Option 3: Set a LIMIT ... OFFSET ... clause for each process's SELECT query, so that each process gets unique rows to work with. Then store the row IDs and perform and UPDATE when done.

I'm not sure which option is the safest. I think option 3 seems simple enough, but I wonder is there any way this could fail? Option 2 also seems very simple, but I'm not sure if the locking due to the UPDATE cause everything to slow down. Option 1 seems like the best bet, but I'm not very familiar with FOR UPDATE and transactions, and could use some help.

UPDATE: For clarity, I have currently just one file process.php which selects all the rows and posts the data to a third-party via Curl one-by-one. I'd like to have a fork in this file, so the 10,000 rows can be split among 10-30 child processes.

Trevor Gehman
  • 4,645
  • 3
  • 22
  • 25
  • Do you need to spin up a process for each job? Is each row an independent job? – Brad Feb 09 '13 at 20:41
  • Each row contains an ID and some text, which will be POSTED to a third-party via Curl. The response back will also be put into a different table. Currently I have just one while loop that cycles through all the rows returned and does this one-by-one. I'd like to spread it out over 10-30 processes. – Trevor Gehman Feb 09 '13 at 20:48
  • 3
    Why not use multi-curl and leave it in a single process? – Brad Feb 09 '13 at 21:16
  • I actually did not know that existed. It looks like one limitation I may run into is that I'm actually using a PHP library API to do the cURL commands (connecting to a third-party web service)... so to use multi-curl I'd have to ditch that and write the Curl commands myself. This may be a little too complex for me. Is this a much better way to accomplish what I want, compared to multiple processes? – Trevor Gehman Feb 09 '13 at 23:09
  • Yes, much better, more efficient, and actually much easier than dealing with external processes. Check out ParallelCurl to make it easy: https://github.com/petewarden/ParallelCurl – Brad Feb 10 '13 at 00:52
  • Why aren't you getting the whole 10000 rows in one query and work on them in the same process. What you do with them later is a different story. – Assaf Karmon Feb 12 '13 at 21:03

2 Answers2

0

Another way of handling this is to put the ids that you need to process into a redis queue (list). You can then pop/push items from the list. When the len(list) is empty, you know that there is nothing left to process.
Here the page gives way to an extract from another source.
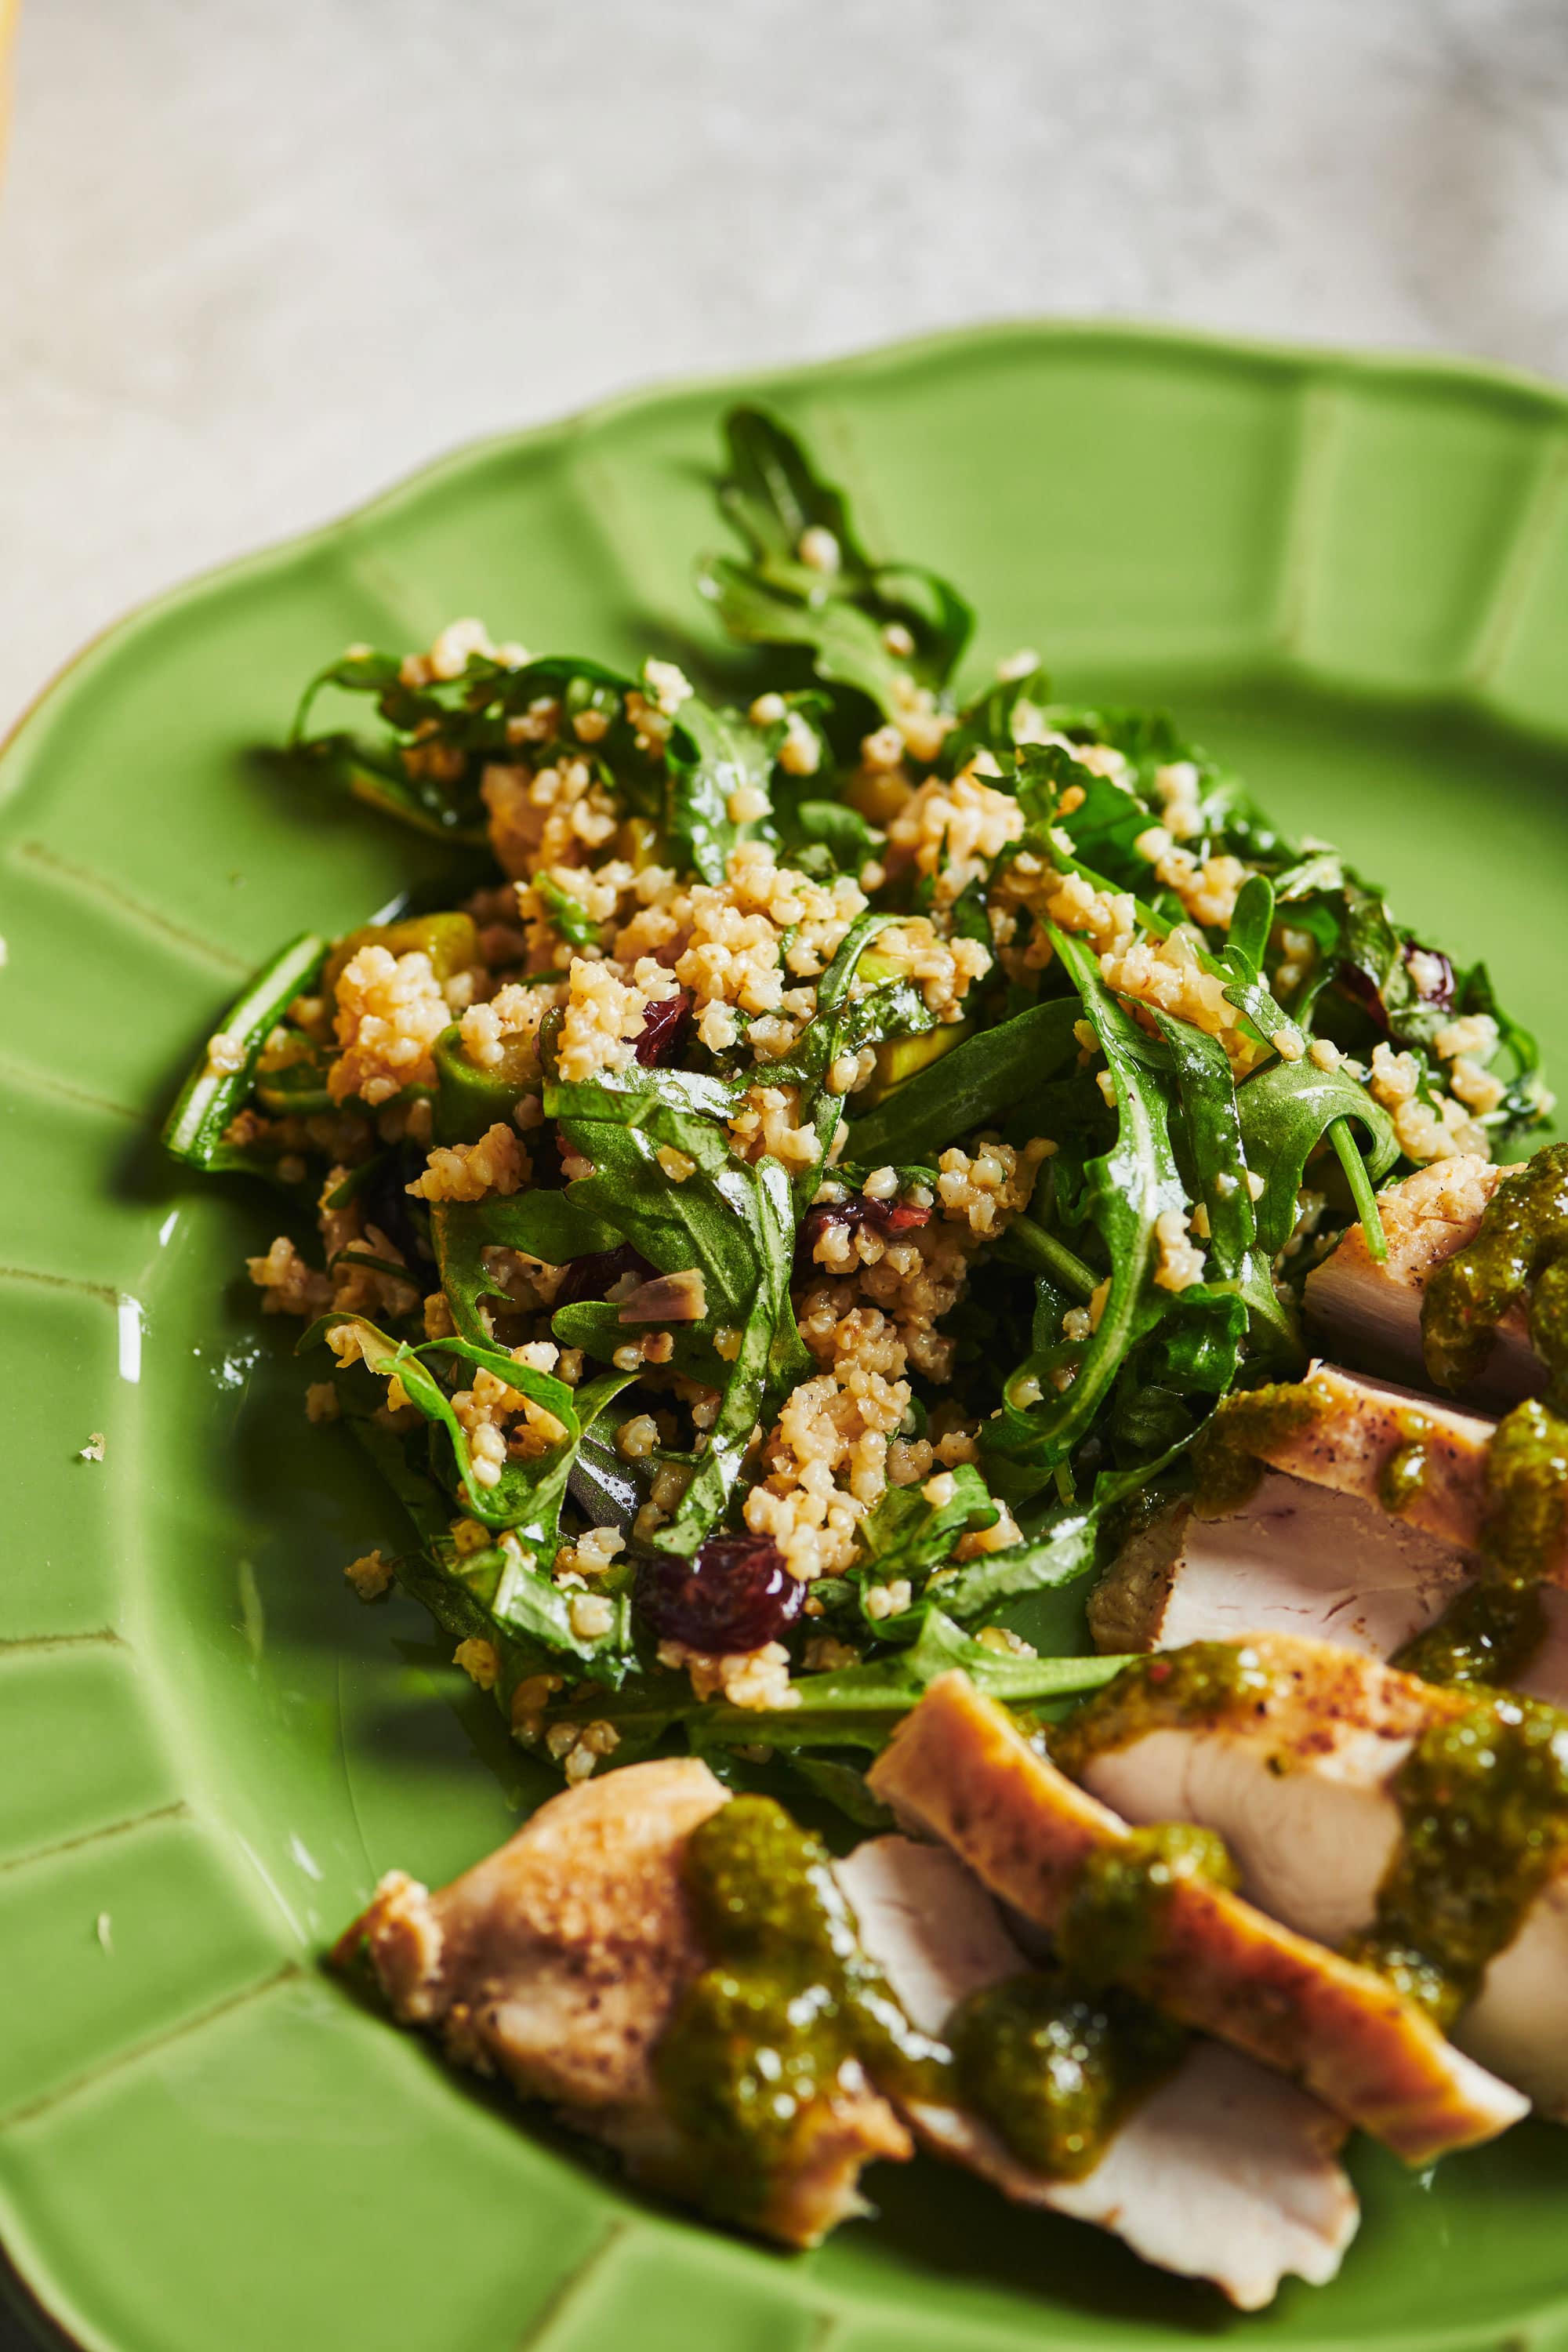 Green plate of Millet and Greens Salad.

There is also the php resque project which will implement some of the job queuing you want to do.

https://github.com/chrisboulton/php-resque

Daniel
  • 7,006
  • 7
  • 43
  • 49
0

I ended up using mult_curl functions (as proposed by Brad) to accomplish this task. I divided the array of rows into groups of 100 using array_chunk() and then configured a multi_curl task to process them. I started out using ParallelCurl, but it did not end up working correctly, so I just coded the mult_curl myself.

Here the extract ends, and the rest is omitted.